The husband very wisely… and compassionately… waited a few minutes for me to calm down. “You have a new car you bought yourself. You have a nice apartment in a nice neighborhood. You had a beautiful wedding that we paid for ourselves, and you have a marriage to show for it. We can do this.”
I love it when he’s right.
Yes, I’m scared. Yes, it’s going to be very very tight around here for the foreseeable future, whether I get a new job or continue to collect unemployment while I keep trying, again and again and again. Yes, I worry at least a little every day, about how we will manage. And yes, I’m sure you’ll hear about it as I flip back and forth between confidence and joy and utter dread as things come up.

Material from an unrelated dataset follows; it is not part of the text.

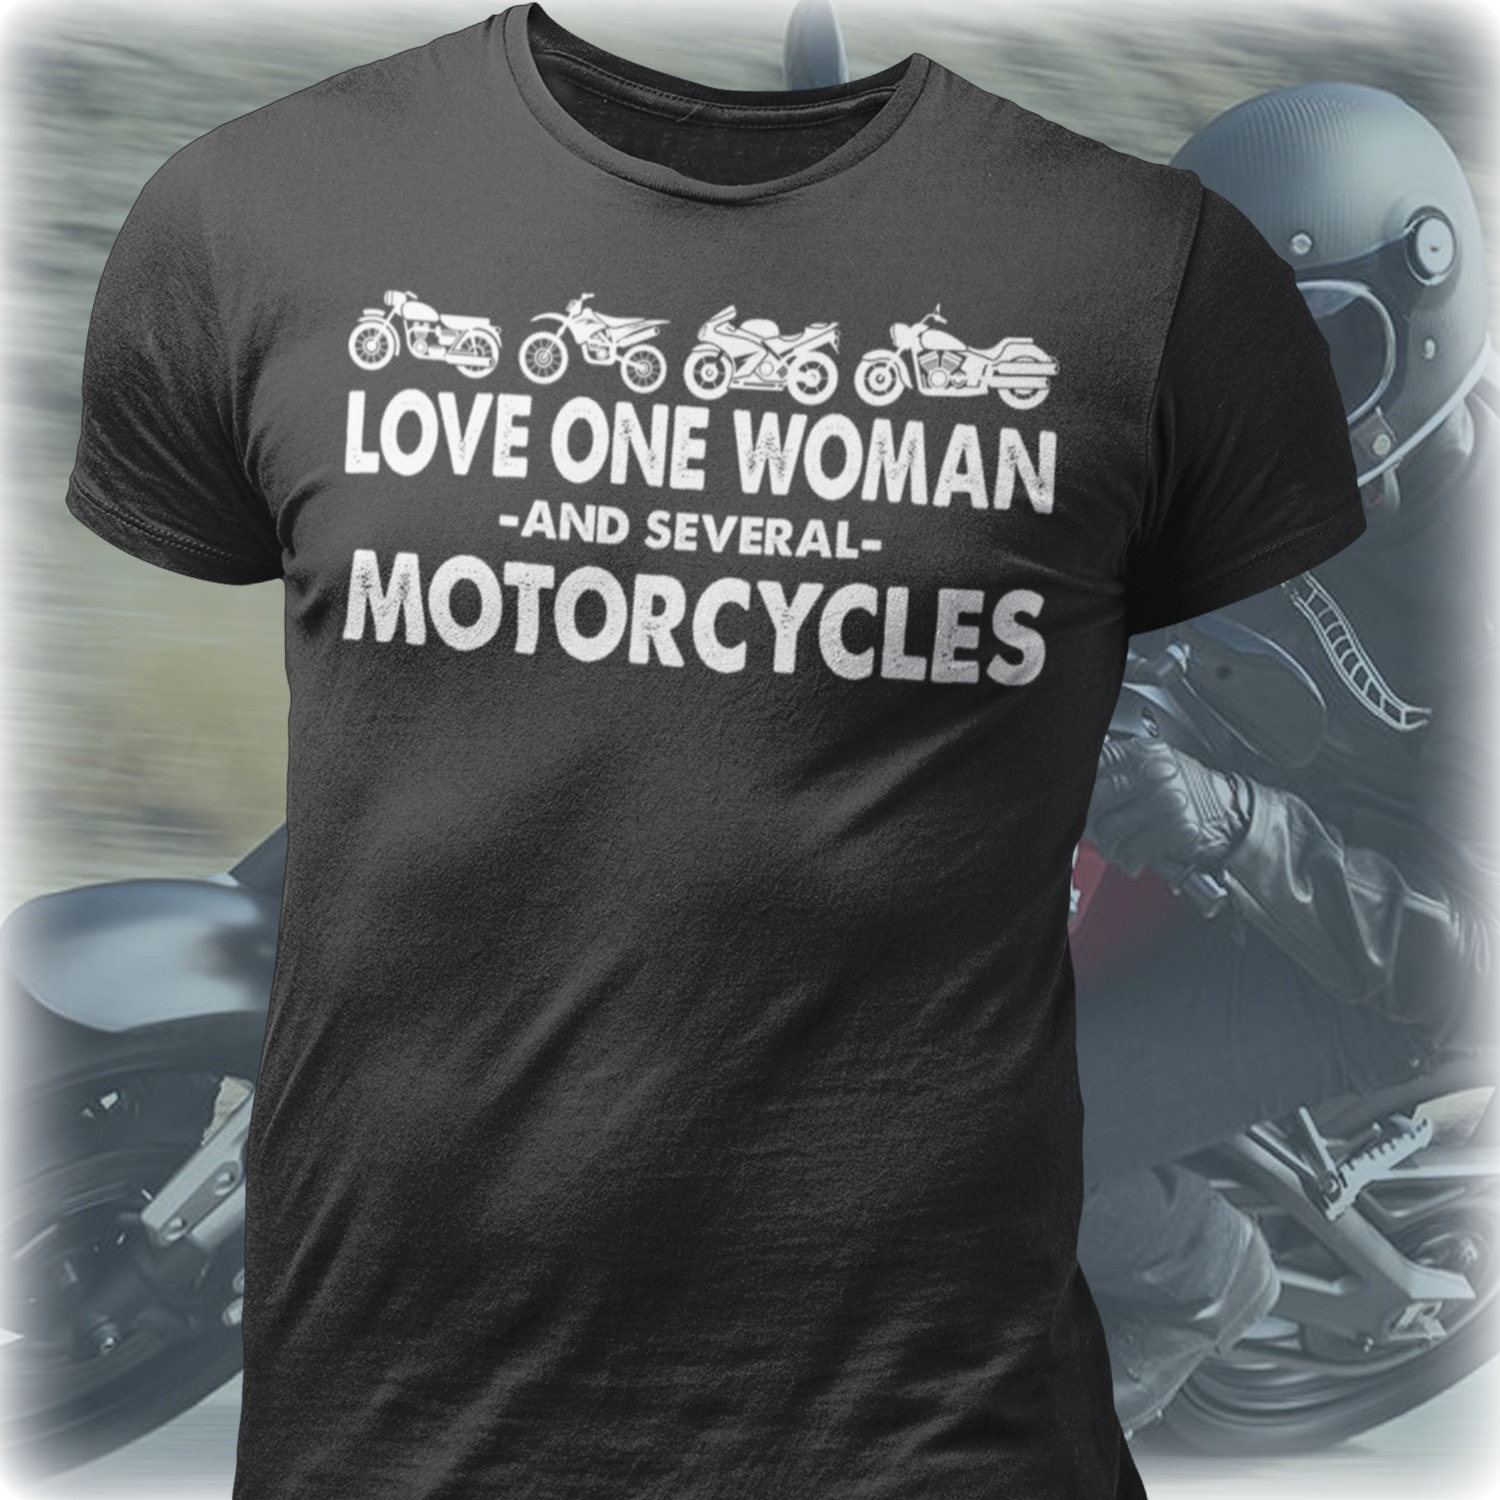 Love one woman and several motorcycles

But truly, there’s just so much to be so glad about! I am finally feeling better (I slept clear through the night the last three nights! After a month and a half of terrible-horrible-no-good-very-bad nights, you bet I’m feeling on top of the world!), I have tons more energy and I finally feel like getting out to see friends.
And—as someone who has worried for years that pregnancy might not even be an option—I am grateful every day for the miracle of life that God has entrusted to me. I am joyfully overwhelmed by the task of caring for and creating life and I get the giggles more often than the weepies, thank God.
I just can’t believe I married that handsome, funny boy from college and that we are going to have a baby.
What a lucky girl.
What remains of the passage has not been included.